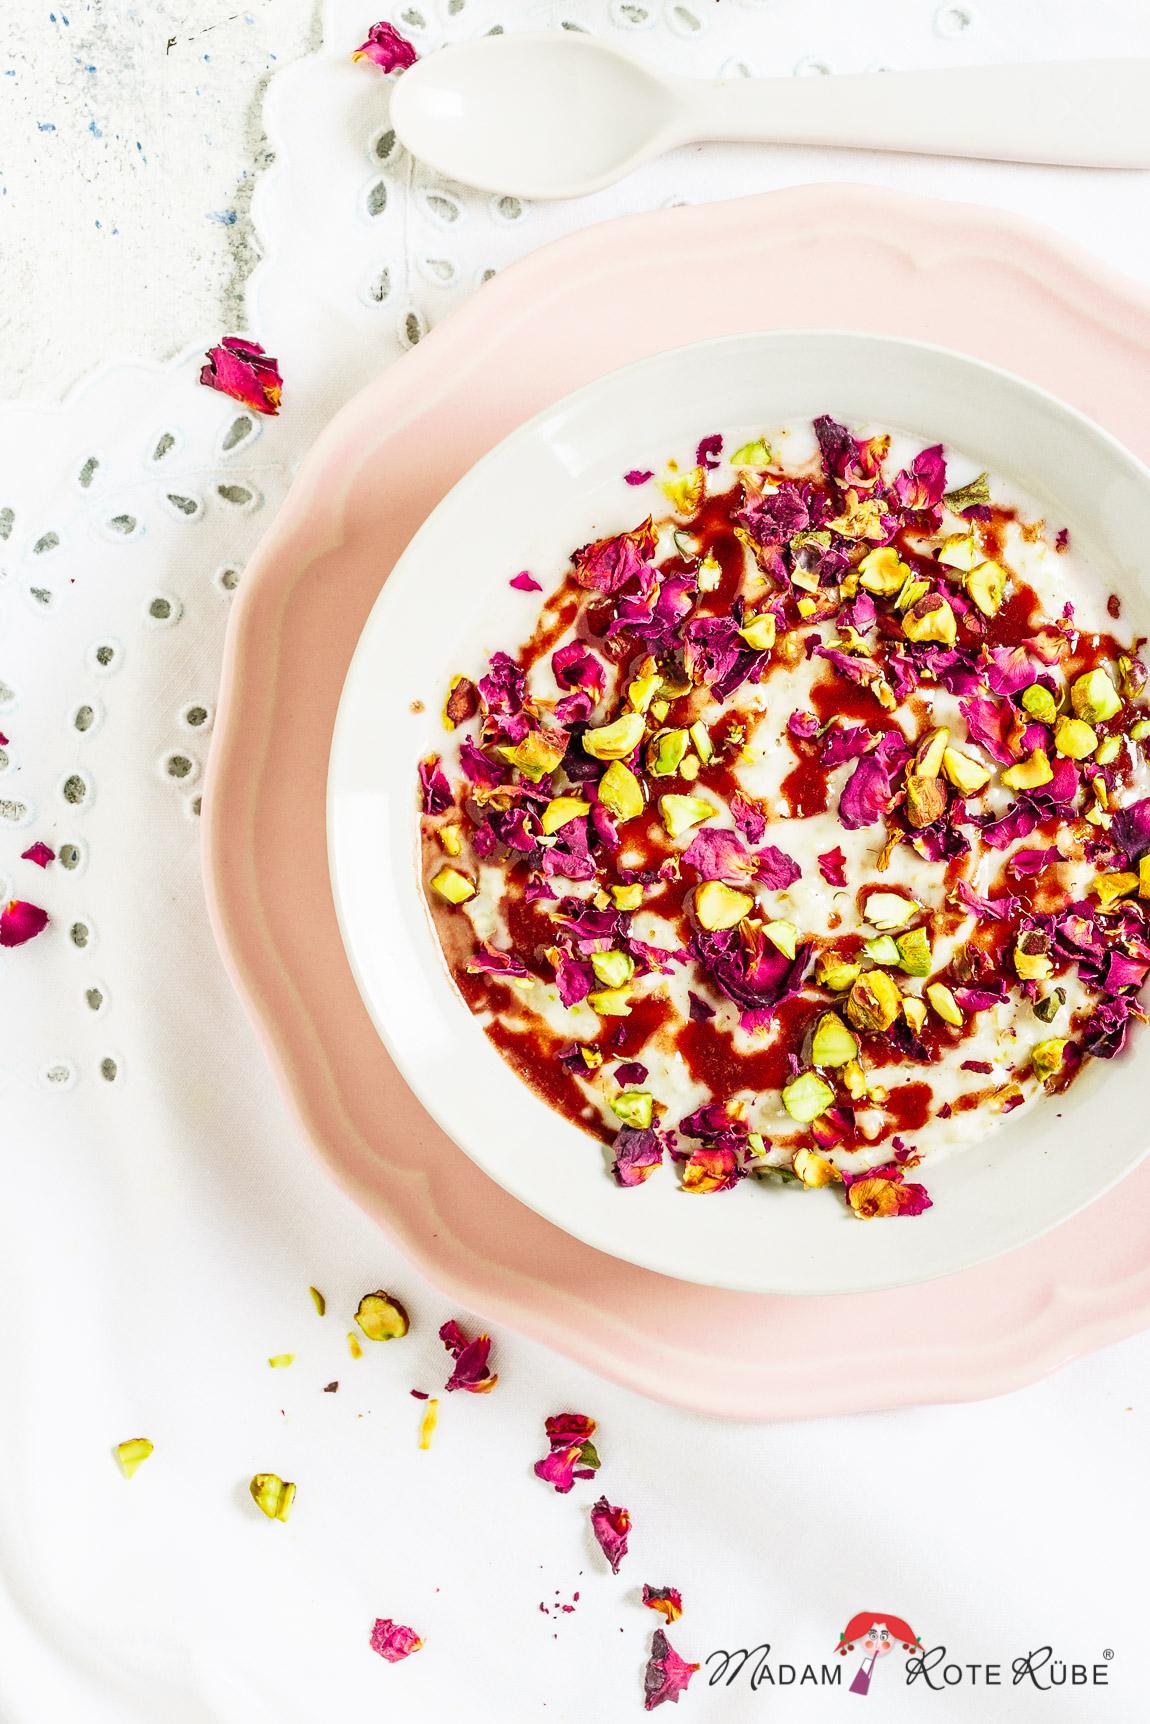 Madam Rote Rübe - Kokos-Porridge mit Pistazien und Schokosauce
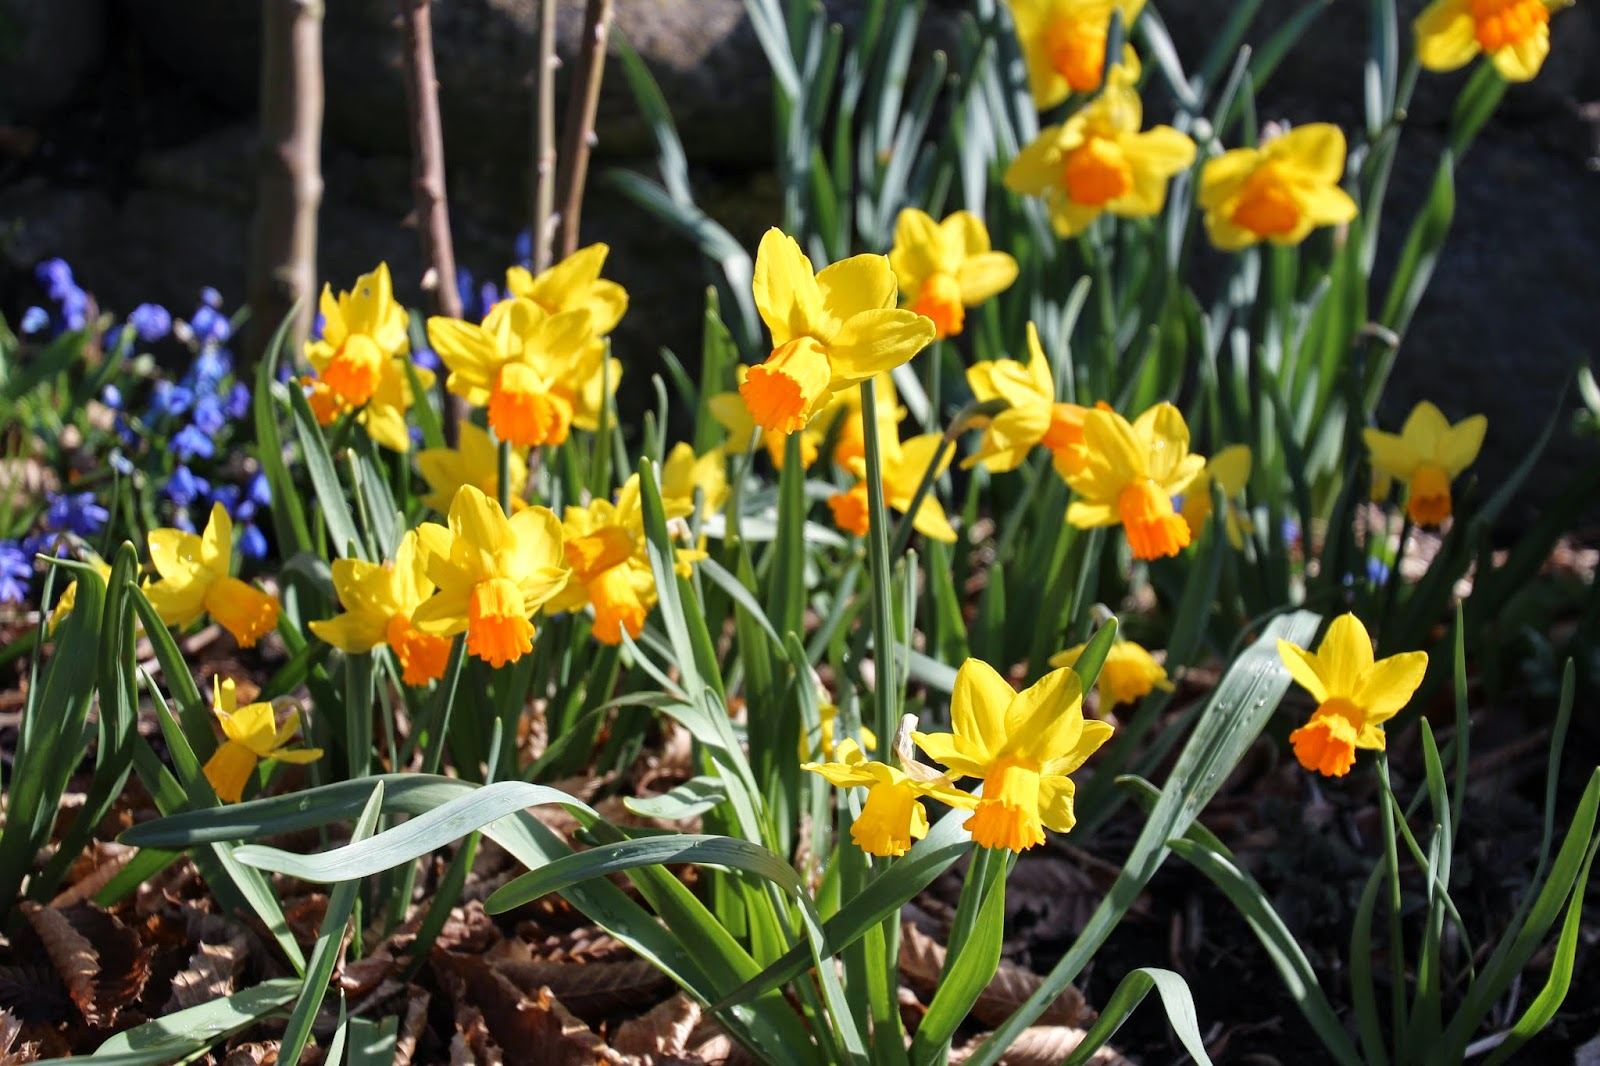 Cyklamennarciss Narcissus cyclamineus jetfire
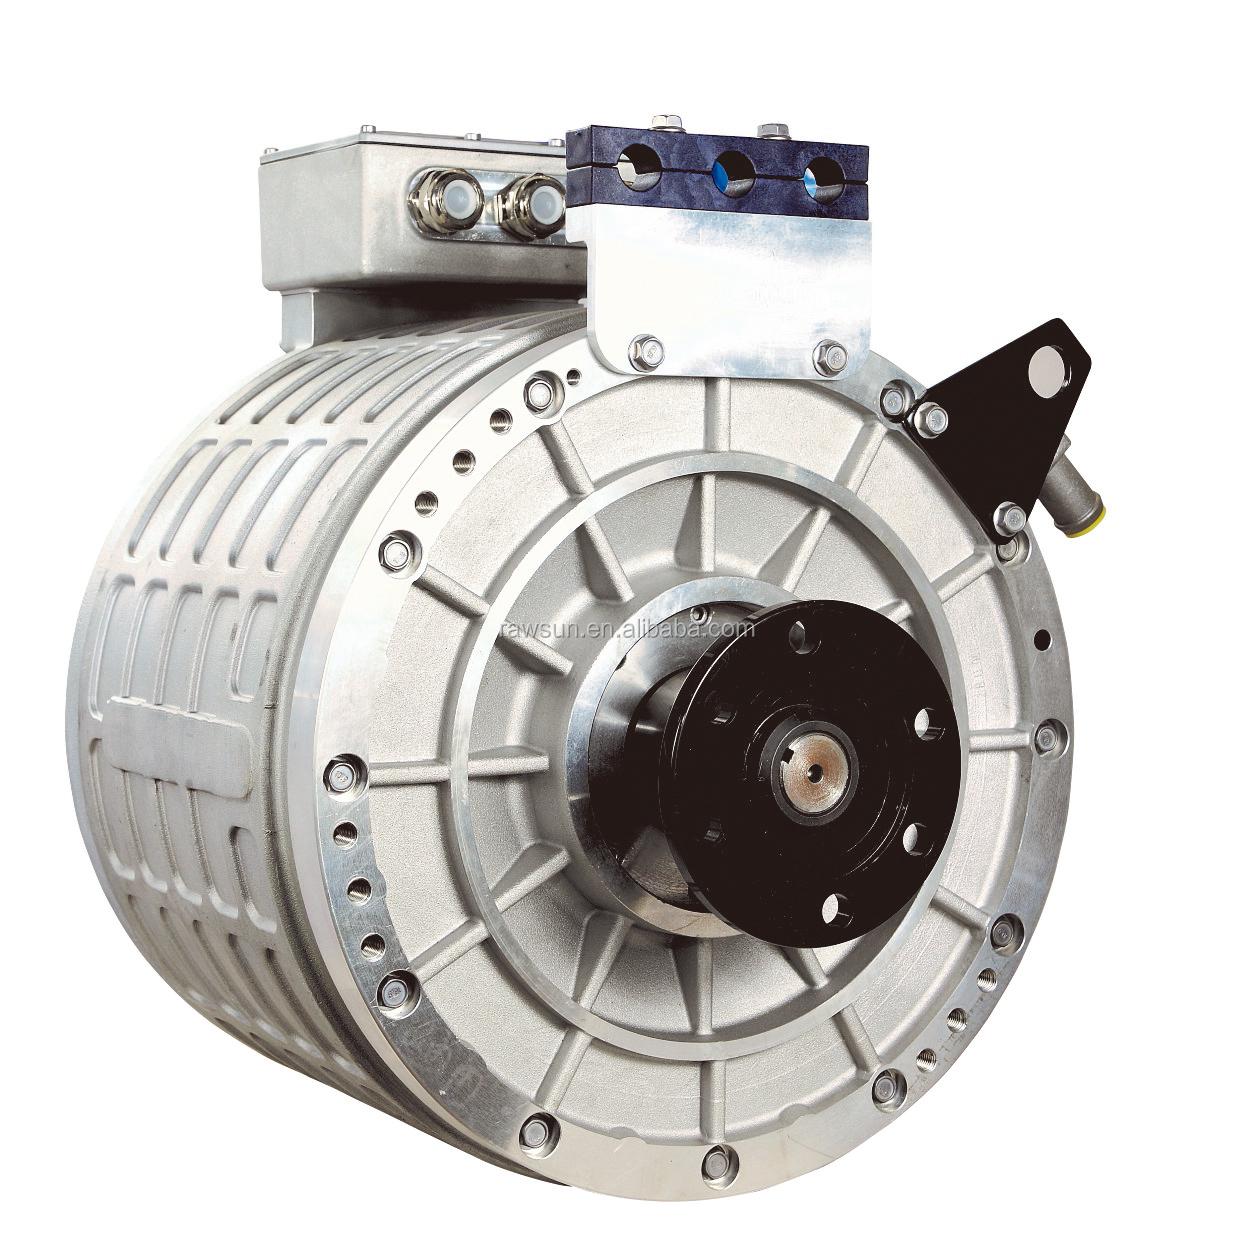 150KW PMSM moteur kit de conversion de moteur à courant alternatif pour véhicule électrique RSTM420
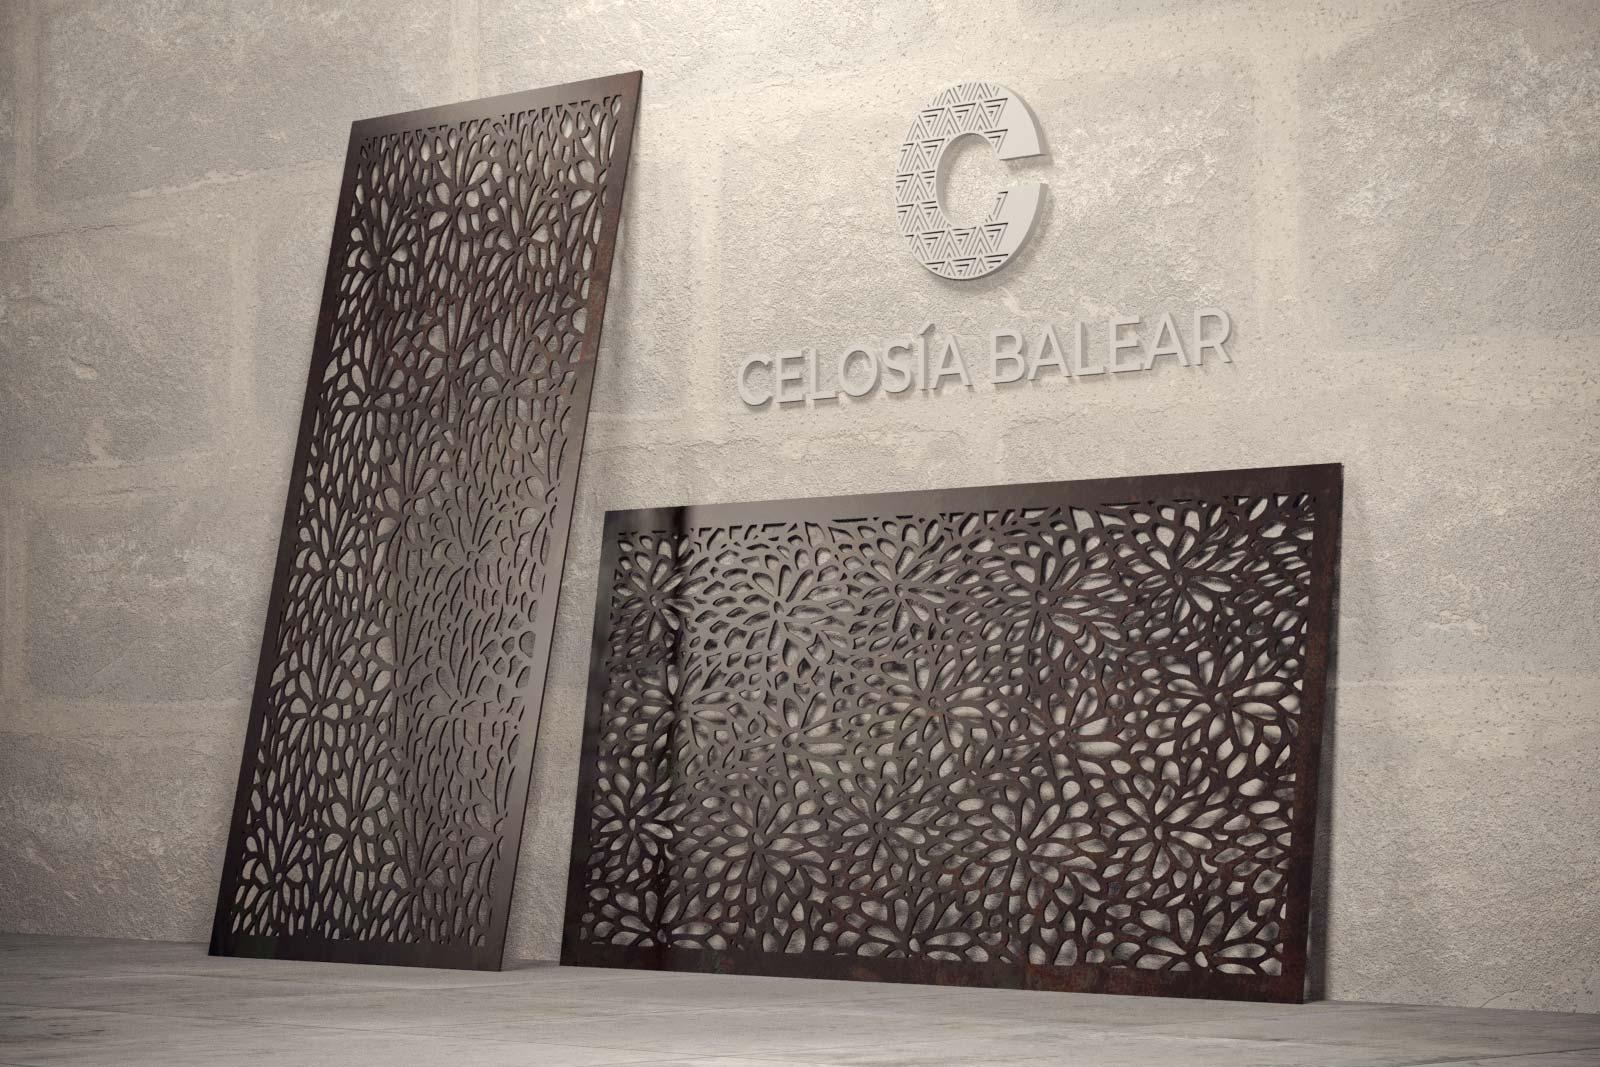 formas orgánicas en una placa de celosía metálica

Try it – Write the data out again exactly, but without its images.

Problem solution –
 Madam Rote Rübe - Kokos-Porridge mit Pistazien und Schokosauce
 Cyklamennarciss Narcissus cyclamineus jetfire
 150KW PMSM moteur kit de conversion de moteur à courant alternatif pour véhicule électrique RSTM420
 formas orgánicas en una placa de celosía metálica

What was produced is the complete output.